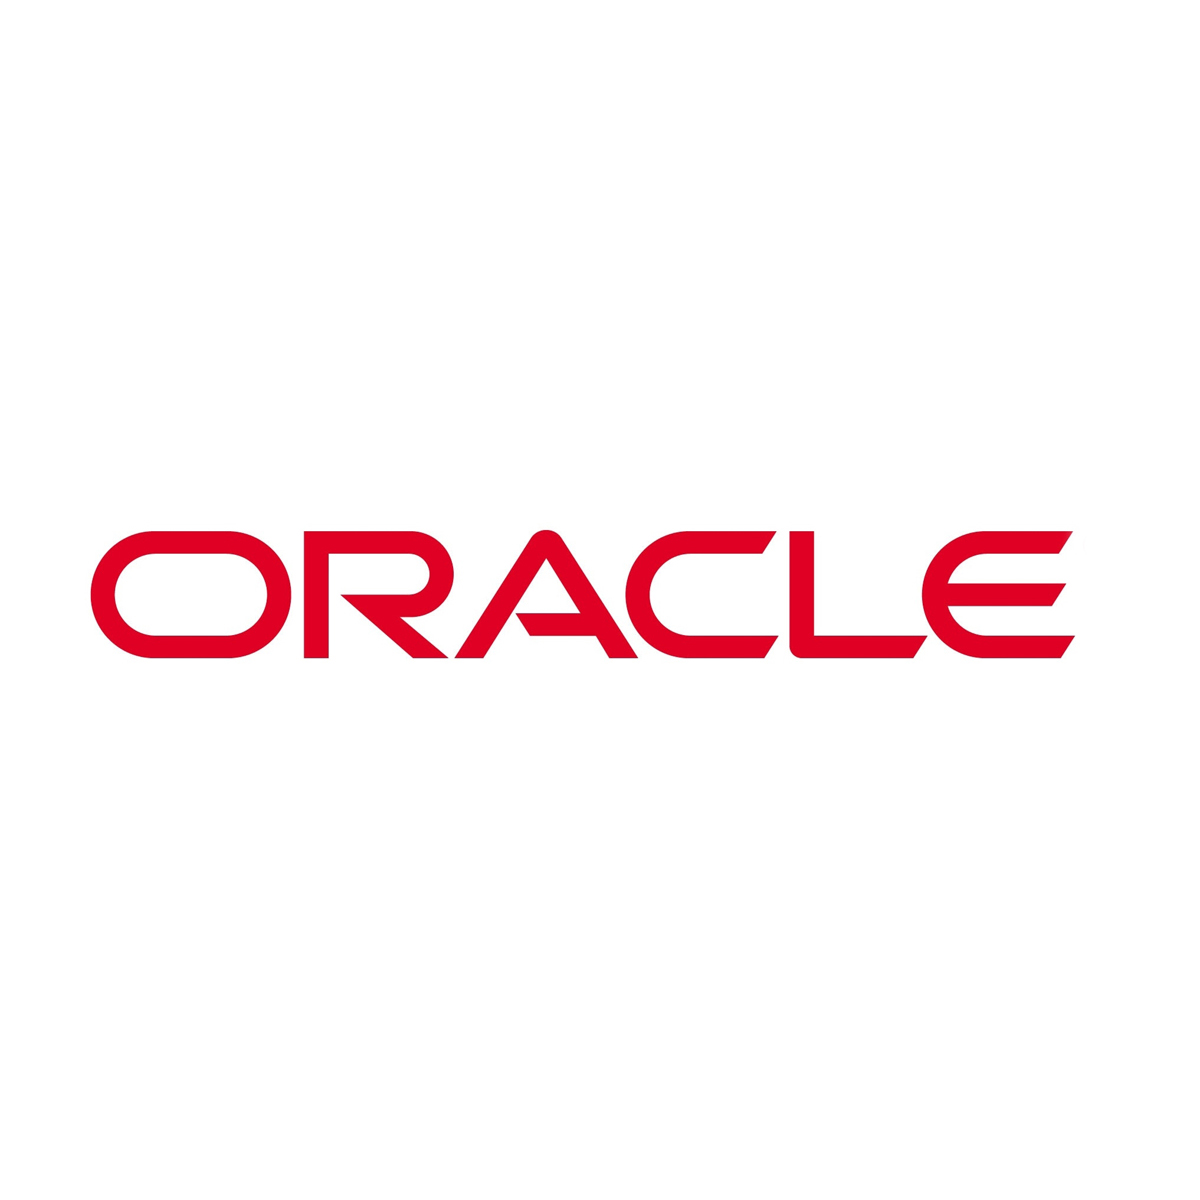  Leading Enterprise CRM Application Logo: Oracle
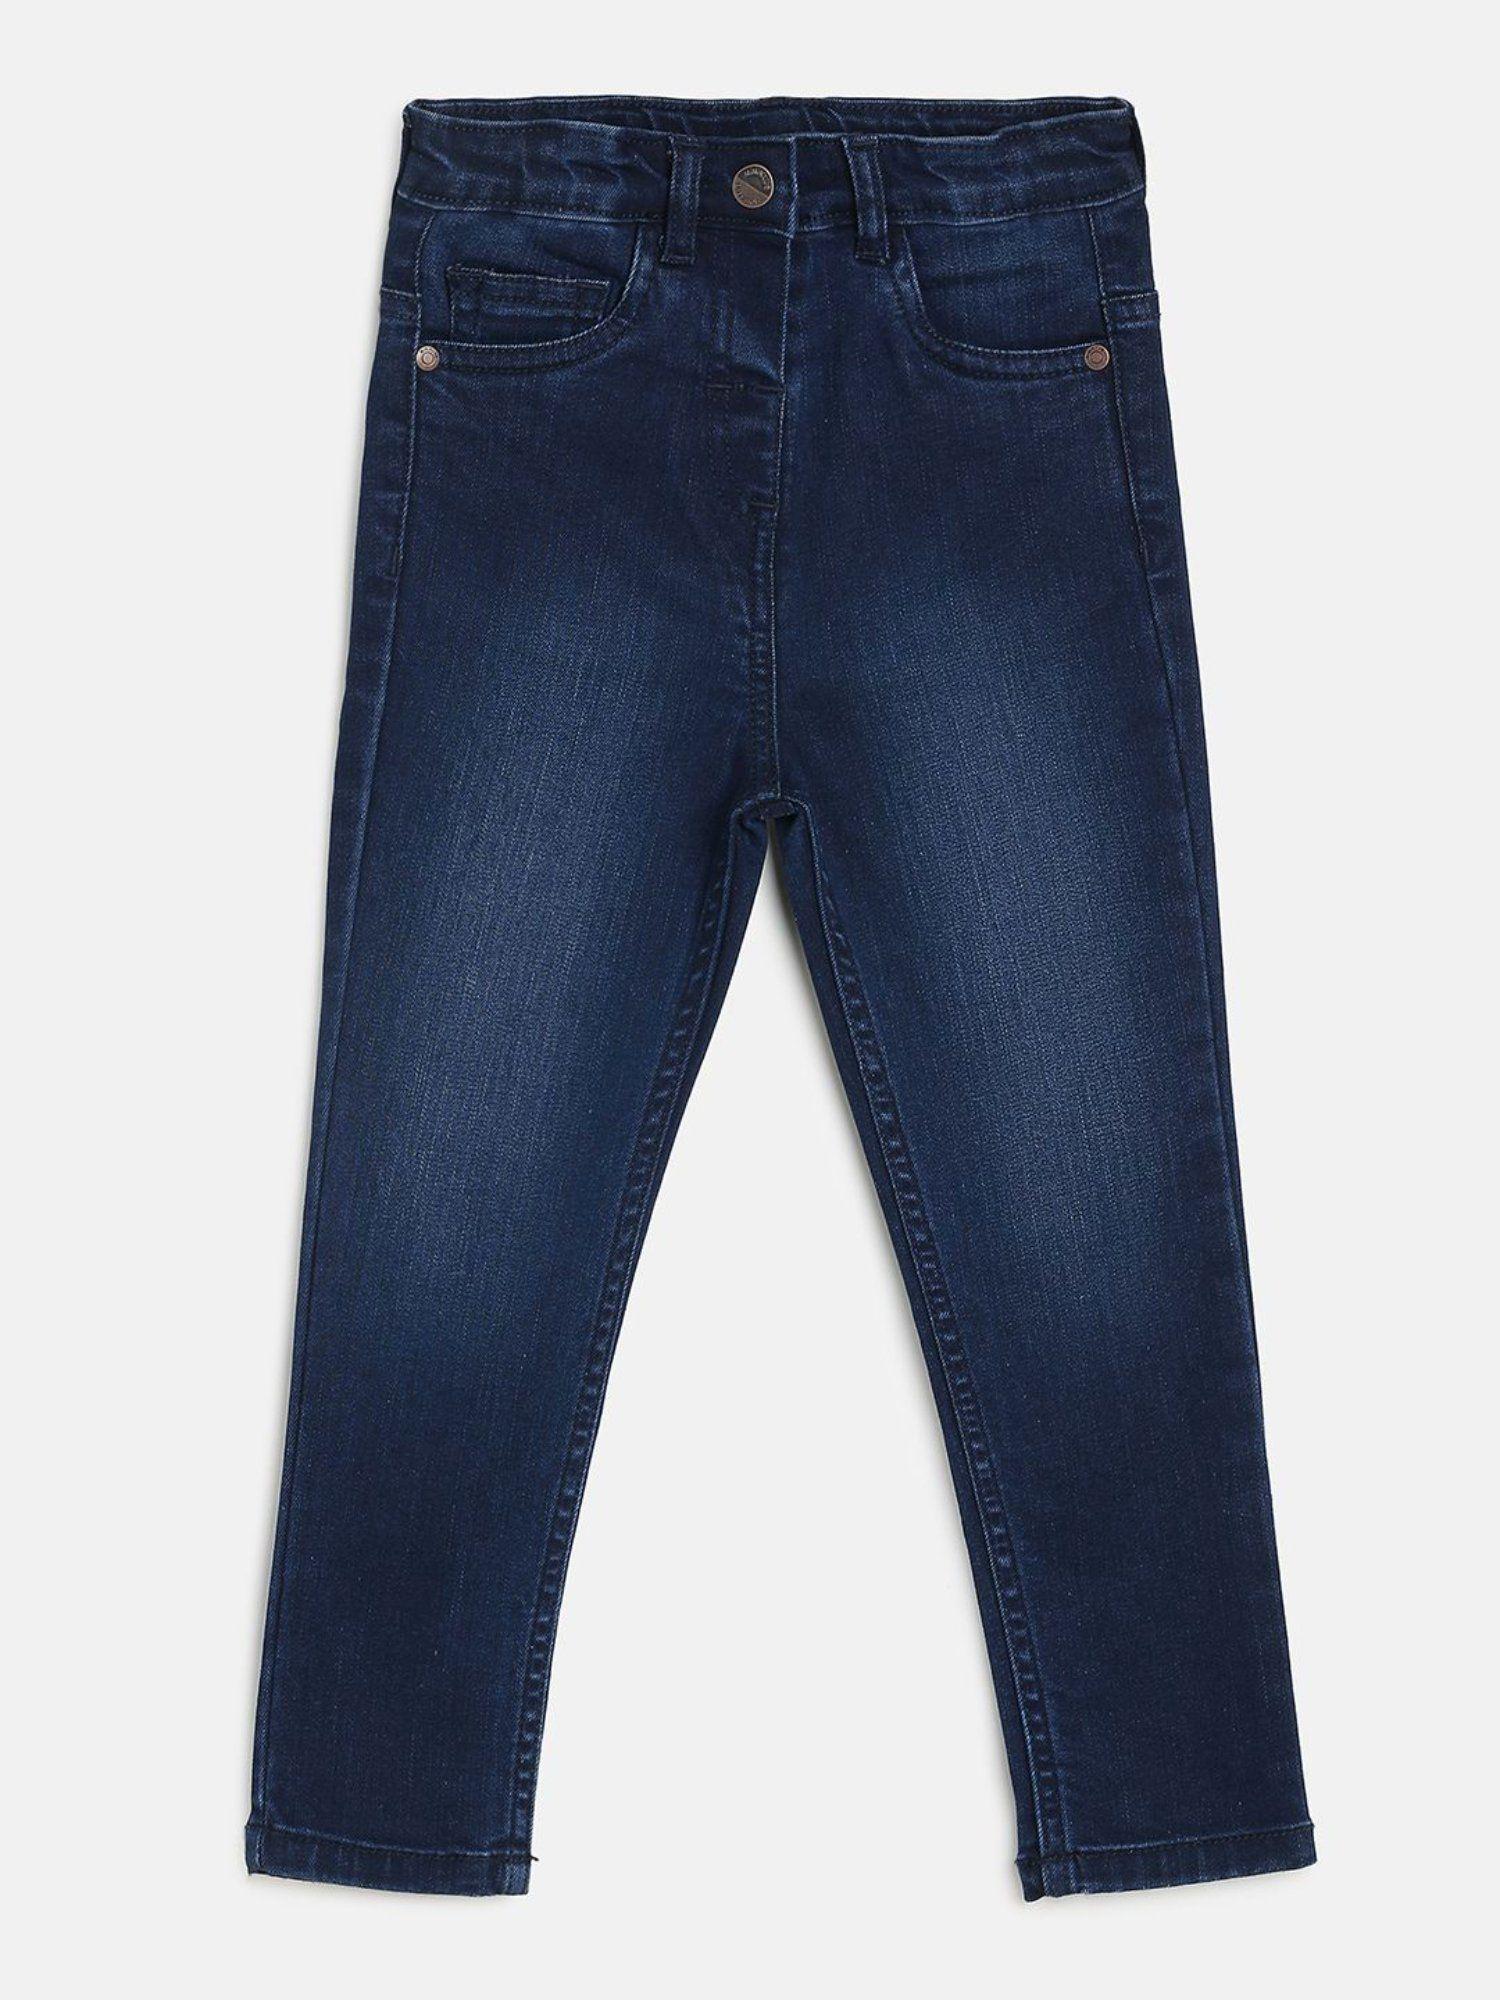 girls blue denim jeans
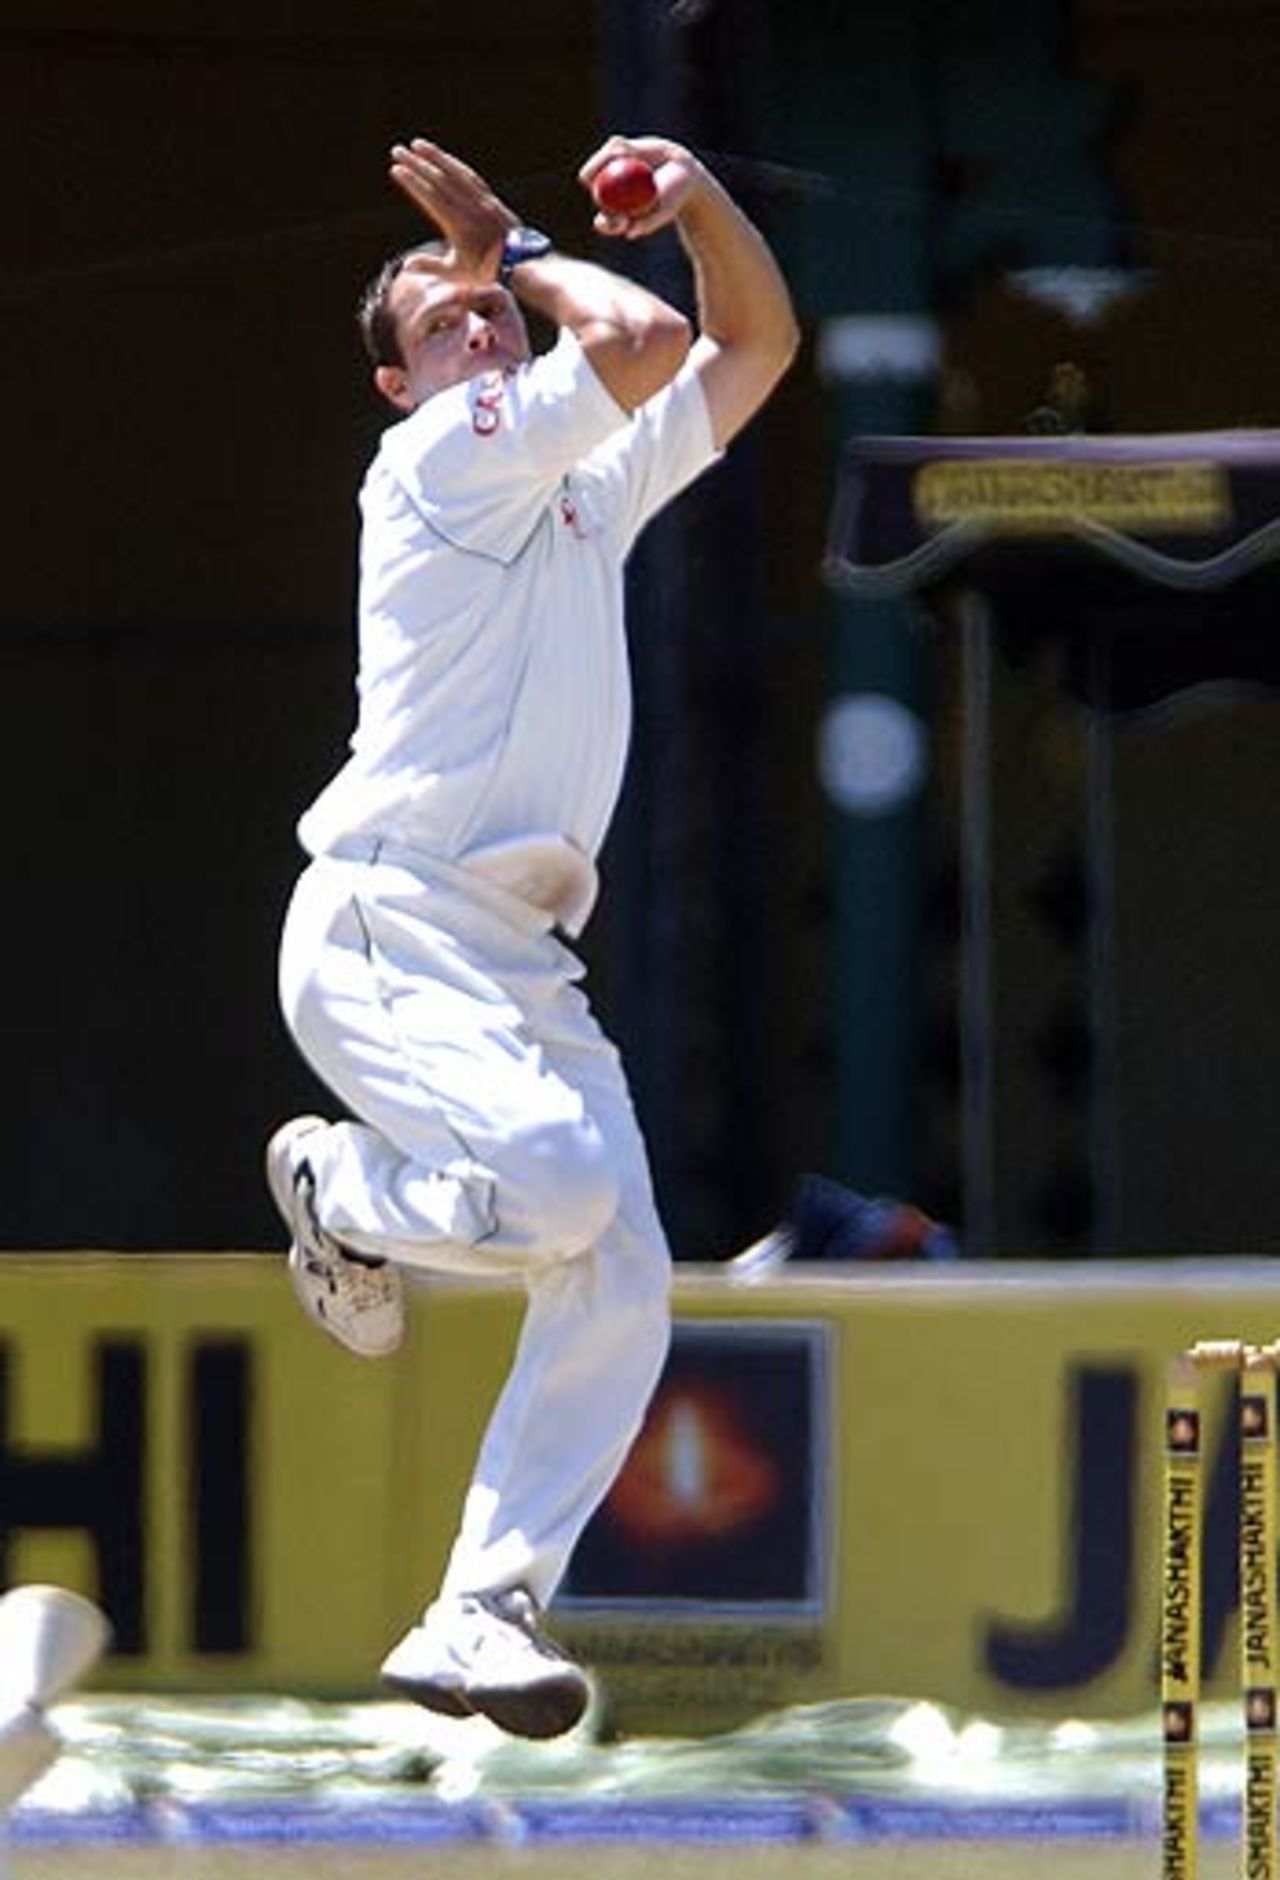 Nicky Boje prepares to let it rip, Sri Lanka v South Africa, 2nd Test, Colombo, 4th day, August 7, 2006

**Brief:**
Would you please transcribe the listing in full, exactly, while omitting the images?

**Answer area:**
  Leading Enterprise CRM Application Logo: Oracle
 girls blue denim jeans
 Nicky Boje prepares to let it rip, Sri Lanka v South Africa, 2nd Test, Colombo, 4th day, August 7, 2006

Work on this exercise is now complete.